10 Responses to “‘gabrielle giffords is the victim of a debased political culture’”


  1. January 9, 2011 at 8:18 pm

    I’m not sure that “debased, exaggerated and vitriolic language” means hate speech. And you know that sometimes K.O. does seem to go off the deep end. I think “exaggerated” would apply to him occasionally.

  2. January 9, 2011 at 8:24 pm

    I would say yes, to a degree. Olbermann and ED can go over the top at times. But they aren’t prejudice. As the others are. But they can get rowdy. And don’t forget Dylan Ratigan. But he is Libertarian.

    • January 9, 2011 at 8:49 pm

      I agree with you Brezzydee, Olbermann definitely goes over the top at times – well, lots of times – and often I just switch him off, he can drive me nuts, but I really amn’t sure you could describe his commentaries as debased or vitriolic (although I would accept ‘exaggerated’!), or link him to hatemongers like Beck and Limbaugh? Or are my ears just plain biased? 😐

      • January 9, 2011 at 9:02 pm

        Oh no he isn’t vitriolic. Olbermann that is. But he can and have apologized a few times for crossing the line. And he and ED can drive me nuts to sometimes lol. And no you aren’t biased. If so then most of us are to 🙂

  3. 5 africa
    January 9, 2011 at 9:20 pm

    I no longer listen to Keith. But to be fair to him, I think thus far, he’s one of the few in the Media who is trying to connect the hate speech to what happened yesterday.

    Yes, he goes over the top sometimes, a key reason why I stopped watching him, but I can’t say that he is equally as ugly as the dough boy or the man on Fox. I refuse to give these people any power by using their names.

    It seems like people in the foreign press are largely the ones addressing the violent rhetoric in correlation to what happened yesterday.

    Our MSM, I don’t believe will go there. Because to my mind, they are complicit in what happened yesterday. They all made excuses or for the sake of objectivity turned a blind eye to what was happening in this country. Or better yet, the rage was good for business.

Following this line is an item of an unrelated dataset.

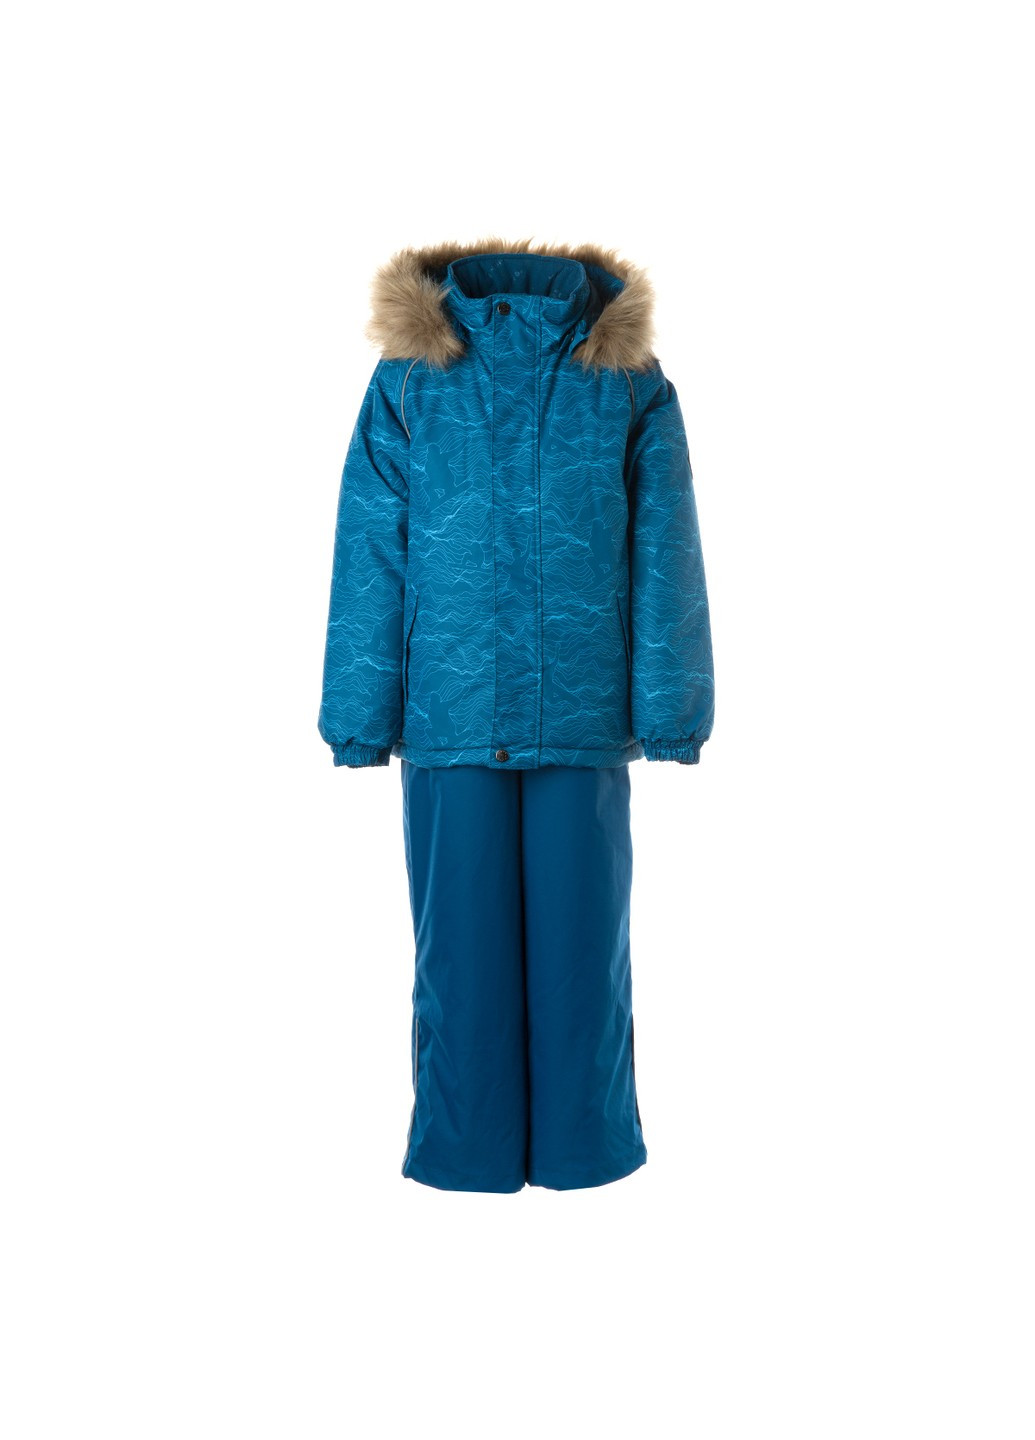 Бірюзовий зимній комплект зимовий (куртка + напівкомбінезон) winter Huppa

    They have never held themselves accountable for falling down on the job with Iraq. I don’t expect them to do anything different this time. Most with their self-inflated egos, will criticize politicians, but they need to stop and look themselves in the mirror.

    • 6 Sue in Minnesota
      January 9, 2011 at 9:54 pm

      I wanted to comment on this last night after watching KO’s coverage for two hours, but I struggled with how to express it, and wasn’t sure if my emotional upset was coloring my impressions. I came away feeling that no one was willing to assign or express responsibility, not for the event that unfolded, but for the power and influence of words. The very same people, who by profession, are paid to communicate with the public, using….Words. Some may not agree with me, but I believe words are powerful, reflecting both thought and intention. One of the many reasons I love President Obama is the care he uses in expressing himself. He is fully aware of the power of words, uses them to good effect, and doesn’t use them to decieve or abuse.

  4. 7 Sue in Minnesota
    January 9, 2011 at 9:27 pm

    I see Beck, Limbaugh as flagrant distorters/liars. Although no longer a viewer of KO’s, I don’t consider him a prevaricator. My discomfort with Keith, is the self-aggrandizing, sanctimonius arm chair quarterbacking. It’s over the top, and serves no positive function, IMO. I really appreciate facts, I’m not interested in political talking points, and very weary of the “valued” opinions and analysis of the media pundits, I just really want the facts.

  5. 8 Asher in Boston
    January 9, 2011 at 10:19 pm

    Come on now, you cnat lump olbermann in the same hateful, racist, homophobic click of Beck, limbaugh, hannity and palin. He can go over board at times, but he states facts and takes on the hate and lies from the right.